[Opening Data block section]

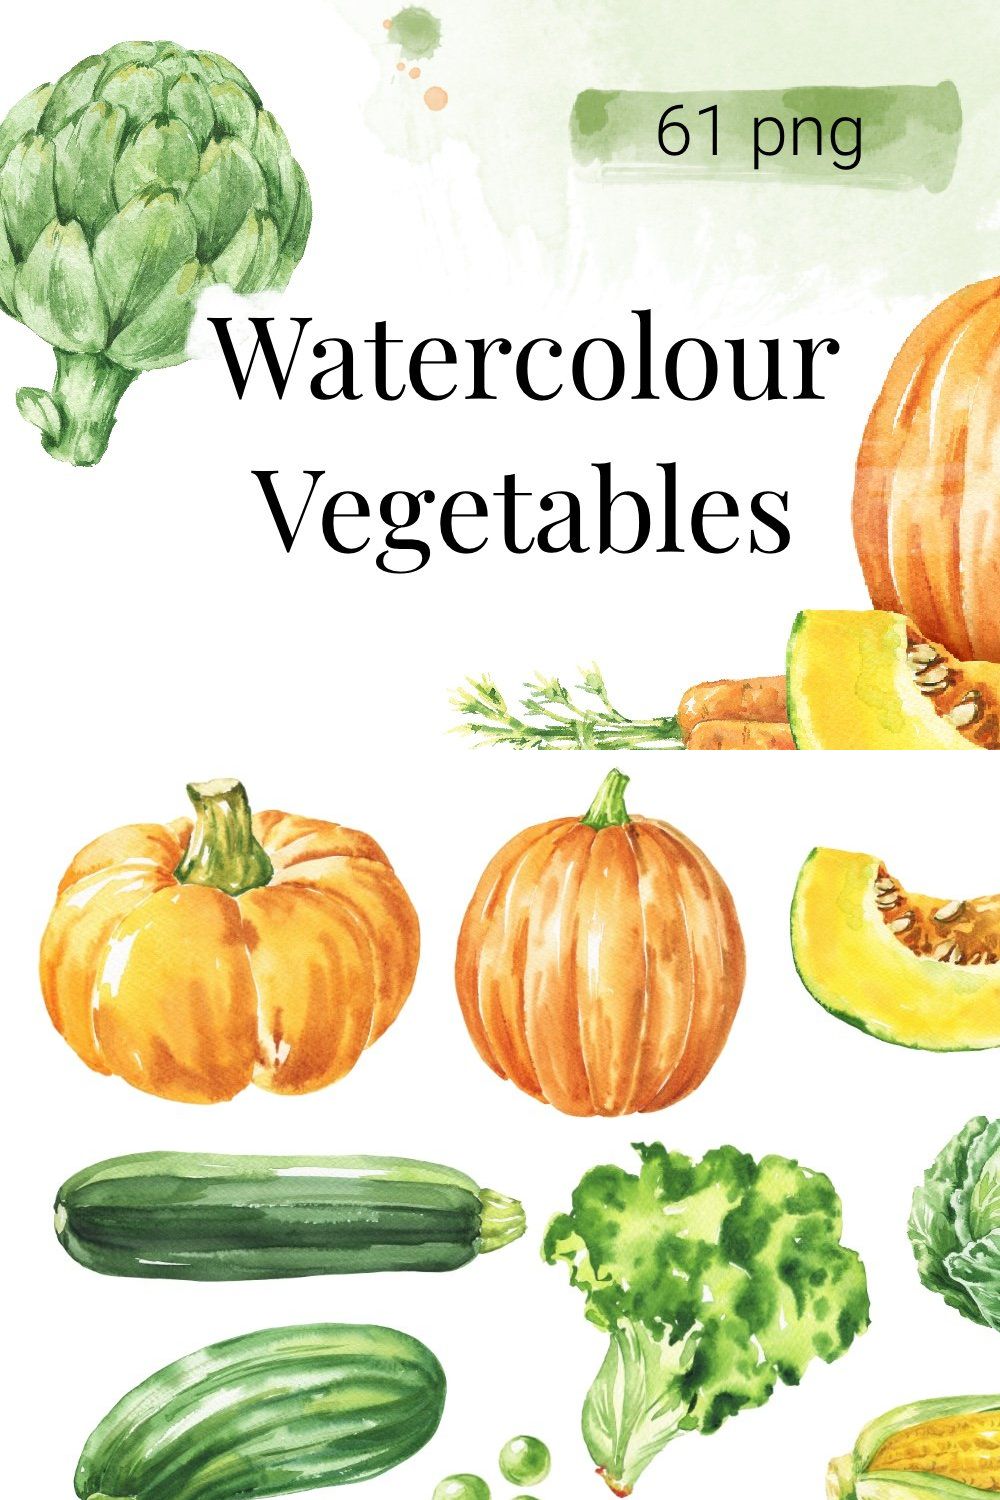 Watercolour Vegetables pinterest preview image.
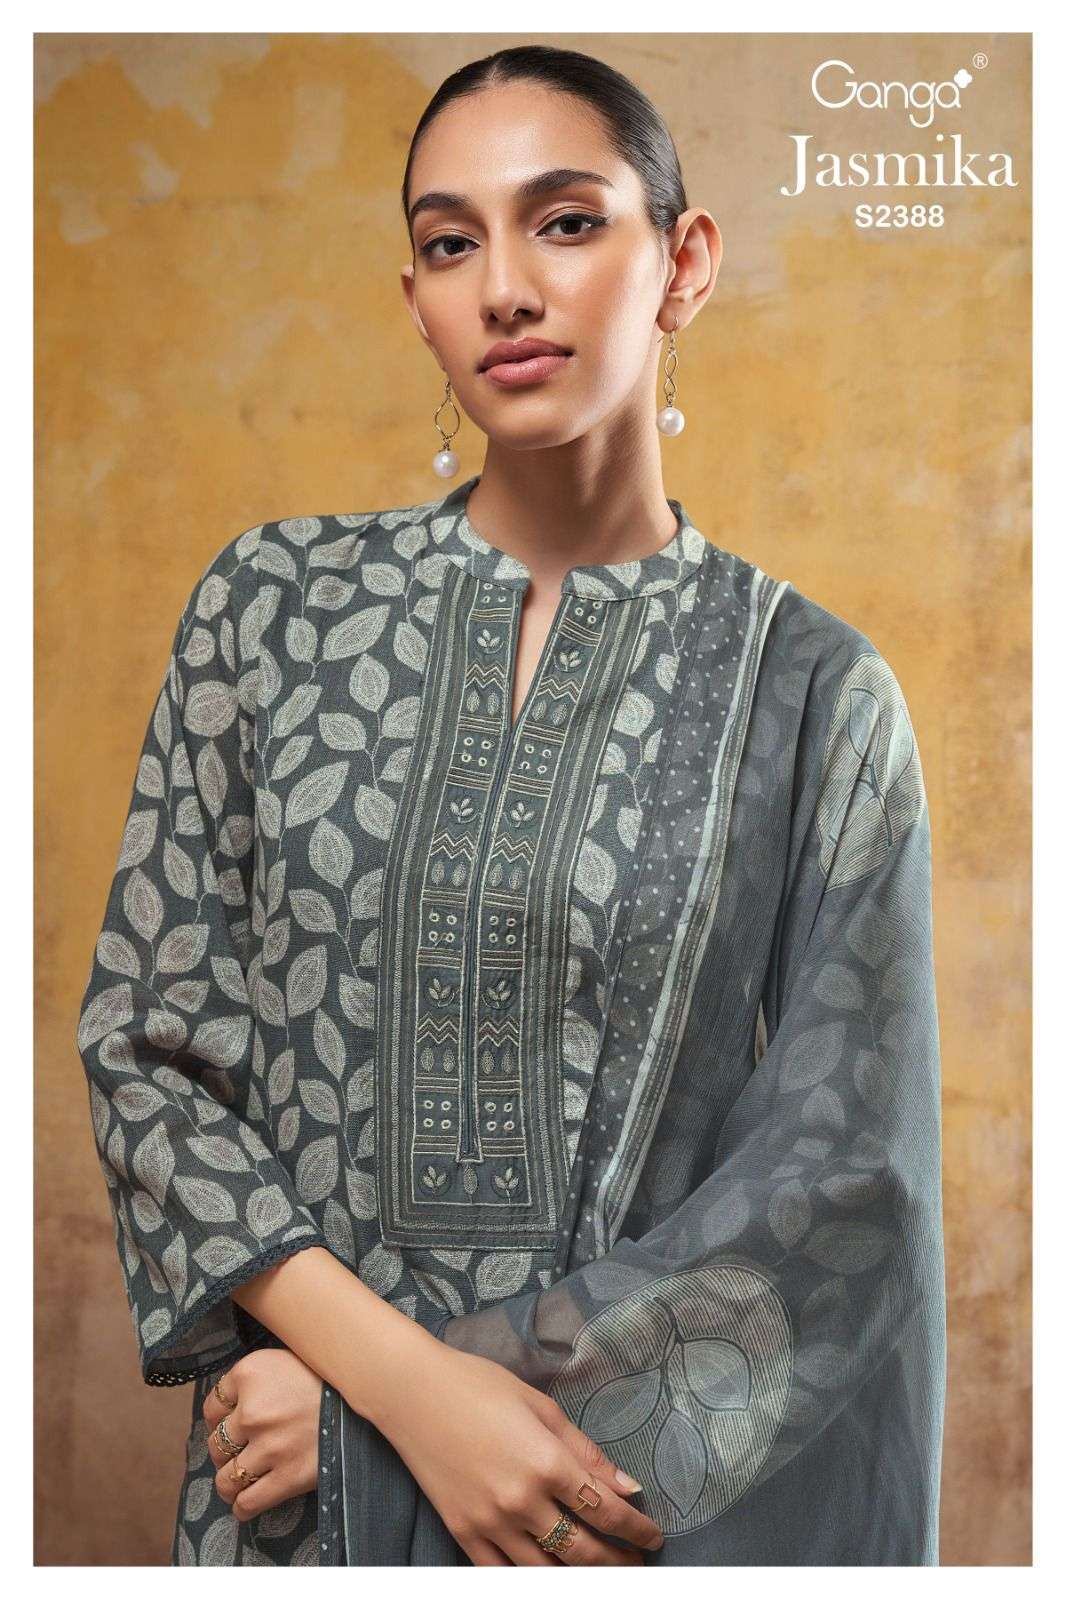 Ganga Jasmika 2388 Fancy Linen Cotton Salwar Suit Online Catalog Wholesales
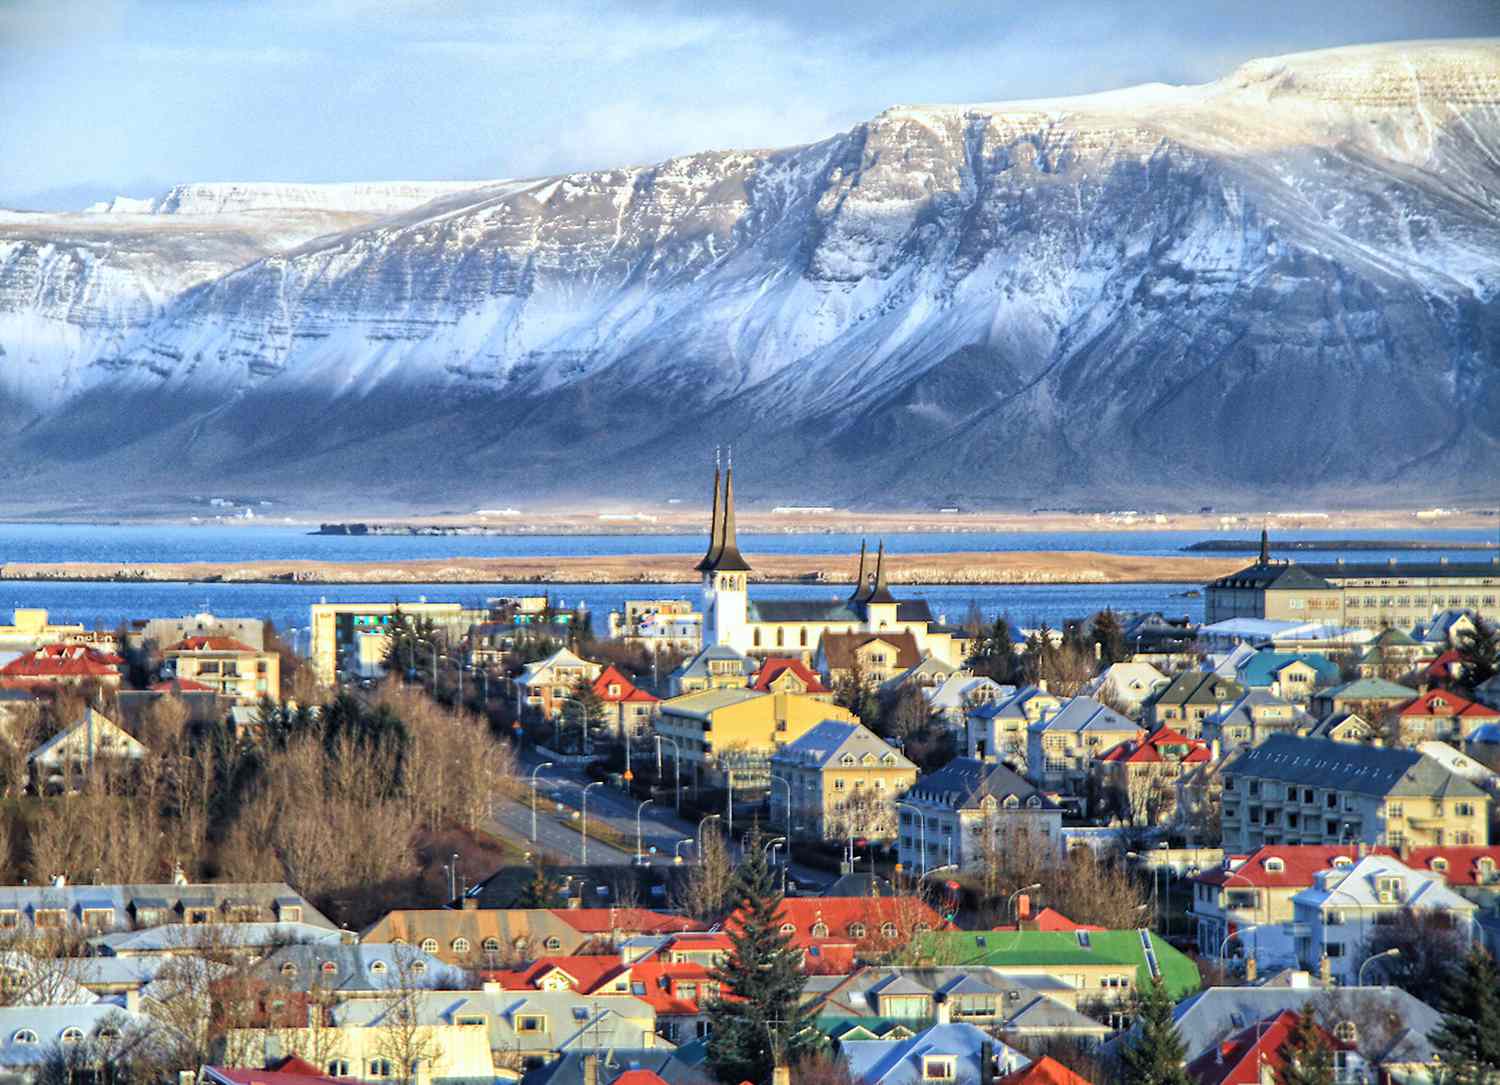 Iceland - Wikipedia

[Closing Data block section]

- [Exercise instructions]: When copying the data above, repeat every word exactly and drop the pictures.

- [Solution to the problem]:
 Watercolour Vegetables pinterest preview image.
 Ganga Jasmika 2388 Fancy Linen Cotton Salwar Suit Online Catalog Wholesales
 Iceland - Wikipedia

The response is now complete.